# WORK ORDER
The full set of records needs to be retyped exactly.

# MATERIAL SUPPLIED
════════

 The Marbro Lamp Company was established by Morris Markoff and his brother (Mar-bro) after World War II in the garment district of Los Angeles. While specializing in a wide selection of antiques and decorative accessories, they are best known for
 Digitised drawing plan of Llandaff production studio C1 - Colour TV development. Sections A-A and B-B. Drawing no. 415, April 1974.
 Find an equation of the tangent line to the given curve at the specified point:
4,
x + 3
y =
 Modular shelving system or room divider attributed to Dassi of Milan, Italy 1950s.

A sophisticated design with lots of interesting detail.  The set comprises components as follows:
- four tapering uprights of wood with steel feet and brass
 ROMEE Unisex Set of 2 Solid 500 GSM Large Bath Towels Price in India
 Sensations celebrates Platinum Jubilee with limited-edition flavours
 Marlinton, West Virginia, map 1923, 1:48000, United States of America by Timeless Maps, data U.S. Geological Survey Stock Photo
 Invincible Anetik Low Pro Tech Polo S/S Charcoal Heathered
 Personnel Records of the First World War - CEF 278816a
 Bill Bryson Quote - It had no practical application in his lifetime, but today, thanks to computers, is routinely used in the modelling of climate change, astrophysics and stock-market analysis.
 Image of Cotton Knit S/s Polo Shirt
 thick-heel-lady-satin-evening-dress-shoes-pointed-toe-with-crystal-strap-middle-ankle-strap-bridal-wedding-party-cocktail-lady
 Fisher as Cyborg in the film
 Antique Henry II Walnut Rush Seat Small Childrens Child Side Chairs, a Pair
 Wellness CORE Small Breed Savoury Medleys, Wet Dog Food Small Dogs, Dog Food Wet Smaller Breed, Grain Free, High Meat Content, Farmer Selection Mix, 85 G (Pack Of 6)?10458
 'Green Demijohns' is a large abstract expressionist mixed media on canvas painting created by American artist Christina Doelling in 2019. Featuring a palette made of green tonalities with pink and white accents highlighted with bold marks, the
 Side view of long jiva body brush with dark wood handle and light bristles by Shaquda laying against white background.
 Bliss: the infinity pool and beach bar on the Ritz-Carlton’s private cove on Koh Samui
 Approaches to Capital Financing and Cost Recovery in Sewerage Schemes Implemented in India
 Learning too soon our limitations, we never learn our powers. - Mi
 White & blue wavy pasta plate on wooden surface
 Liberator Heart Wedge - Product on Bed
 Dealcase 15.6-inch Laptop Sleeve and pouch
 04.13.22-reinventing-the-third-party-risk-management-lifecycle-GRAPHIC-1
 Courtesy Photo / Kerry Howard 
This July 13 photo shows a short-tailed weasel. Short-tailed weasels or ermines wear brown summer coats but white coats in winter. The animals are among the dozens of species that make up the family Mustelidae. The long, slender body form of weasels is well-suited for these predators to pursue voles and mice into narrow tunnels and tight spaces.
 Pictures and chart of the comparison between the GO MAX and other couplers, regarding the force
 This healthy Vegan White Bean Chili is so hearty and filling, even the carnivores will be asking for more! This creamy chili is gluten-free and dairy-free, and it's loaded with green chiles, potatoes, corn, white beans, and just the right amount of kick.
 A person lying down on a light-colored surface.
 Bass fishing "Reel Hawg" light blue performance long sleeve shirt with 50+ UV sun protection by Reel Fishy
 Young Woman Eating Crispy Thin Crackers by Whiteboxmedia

════════

# WRITTEN RESPONSE
 The Marbro Lamp Company was established by Morris Markoff and his brother (Mar-bro) after World War II in the garment district of Los Angeles. While specializing in a wide selection of antiques and decorative accessories, they are best known for
 Digitised drawing plan of Llandaff production studio C1 - Colour TV development. Sections A-A and B-B. Drawing no. 415, April 1974.
 Find an equation of the tangent line to the given curve at the specified point:
4,
x + 3
y =
 Modular shelving system or room divider attributed to Dassi of Milan, Italy 1950s.

A sophisticated design with lots of interesting detail.  The set comprises components as follows:
- four tapering uprights of wood with steel feet and brass
 ROMEE Unisex Set of 2 Solid 500 GSM Large Bath Towels Price in India
 Sensations celebrates Platinum Jubilee with limited-edition flavours
 Marlinton, West Virginia, map 1923, 1:48000, United States of America by Timeless Maps, data U.S. Geological Survey Stock Photo
 Invincible Anetik Low Pro Tech Polo S/S Charcoal Heathered
 Personnel Records of the First World War - CEF 278816a
 Bill Bryson Quote - It had no practical application in his lifetime, but today, thanks to computers, is routinely used in the modelling of climate change, astrophysics and stock-market analysis.
 Image of Cotton Knit S/s Polo Shirt
 thick-heel-lady-satin-evening-dress-shoes-pointed-toe-with-crystal-strap-middle-ankle-strap-bridal-wedding-party-cocktail-lady
 Fisher as Cyborg in the film
 Antique Henry II Walnut Rush Seat Small Childrens Child Side Chairs, a Pair
 Wellness CORE Small Breed Savoury Medleys, Wet Dog Food Small Dogs, Dog Food Wet Smaller Breed, Grain Free, High Meat Content, Farmer Selection Mix, 85 G (Pack Of 6)?10458
 'Green Demijohns' is a large abstract expressionist mixed media on canvas painting created by American artist Christina Doelling in 2019. Featuring a palette made of green tonalities with pink and white accents highlighted with bold marks, the
 Side view of long jiva body brush with dark wood handle and light bristles by Shaquda laying against white background.
 Bliss: the infinity pool and beach bar on the Ritz-Carlton’s private cove on Koh Samui
 Approaches to Capital Financing and Cost Recovery in Sewerage Schemes Implemented in India
 Learning too soon our limitations, we never learn our powers. - Mi
 White & blue wavy pasta plate on wooden surface
 Liberator Heart Wedge - Product on Bed
 Dealcase 15.6-inch Laptop Sleeve and pouch
 04.13.22-reinventing-the-third-party-risk-management-lifecycle-GRAPHIC-1
 Courtesy Photo / Kerry Howard 
This July 13 photo shows a short-tailed weasel. Short-tailed weasels or ermines wear brown summer coats but white coats in winter. The animals are among the dozens of species that make up the family Mustelidae. The long, slender body form of weasels is well-suited for these predators to pursue voles and mice into narrow tunnels and tight spaces.
 Pictures and chart of the comparison between the GO MAX and other couplers, regarding the force
 This healthy Vegan White Bean Chili is so hearty and filling, even the carnivores will be asking for more! This creamy chili is gluten-free and dairy-free, and it's loaded with green chiles, potatoes, corn, white beans, and just the right amount of kick.
 A person lying down on a light-colored surface.
 Bass fishing "Reel Hawg" light blue performance long sleeve shirt with 50+ UV sun protection by Reel Fishy
 Young Woman Eating Crispy Thin Crackers by Whiteboxmedia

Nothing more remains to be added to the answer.